This example showcases Next.js's Static Generation feature using esa as the data source.
- WordPress
- DatoCMS
- Sanity
- TakeShape
- Contentful
- Strapi
- Agility CMS
- Cosmic
- ButterCMS
- Storyblok
- Blog Starter
Execute create-next-app
with npm or Yarn to bootstrap the example:
npm init next-app --example cms-esa cms-esa-app
# or
yarn create next-app --example cms-esa cms-esa-app
Download the example:
curl https://codeload.github.com/zeit/next.js/tar.gz/canary | tar -xz --strip=2 next.js-canary/examples/cms-esa
cd cms-esa
First, create an account on esa.
After creating an account, create a new team from the dashboard and assign any name to it.
From the dropdown next to the project name, click API Keys.
Create a new API Key with the Read permission.

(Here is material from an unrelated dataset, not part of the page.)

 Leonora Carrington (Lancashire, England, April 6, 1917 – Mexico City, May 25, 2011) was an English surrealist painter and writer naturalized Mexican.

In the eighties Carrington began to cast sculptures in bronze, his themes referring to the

Next, copy the .env.local.example
file in this directory to .env.local
(which will be ignored by Git):
cp .env.local.example .env.local
Then set each variable on .env.local
:
ESA_API_TOKEN
should be the API token you just copied.ESA_TEAM
should be the team name, which is a subdomain in the esa URL:https://<team>.esa.io/
Your .env.local
file should look like this:
ESA_API_TOKEN=...
ESA_TEAM=...
npm install
npm run dev
# or
yarn install
yarn dev
Your blog should be up and running on http://localhost:3000! If it doesn't work, post on GitHub discussions.
You can deploy this app to the cloud with Vercel (Documentation).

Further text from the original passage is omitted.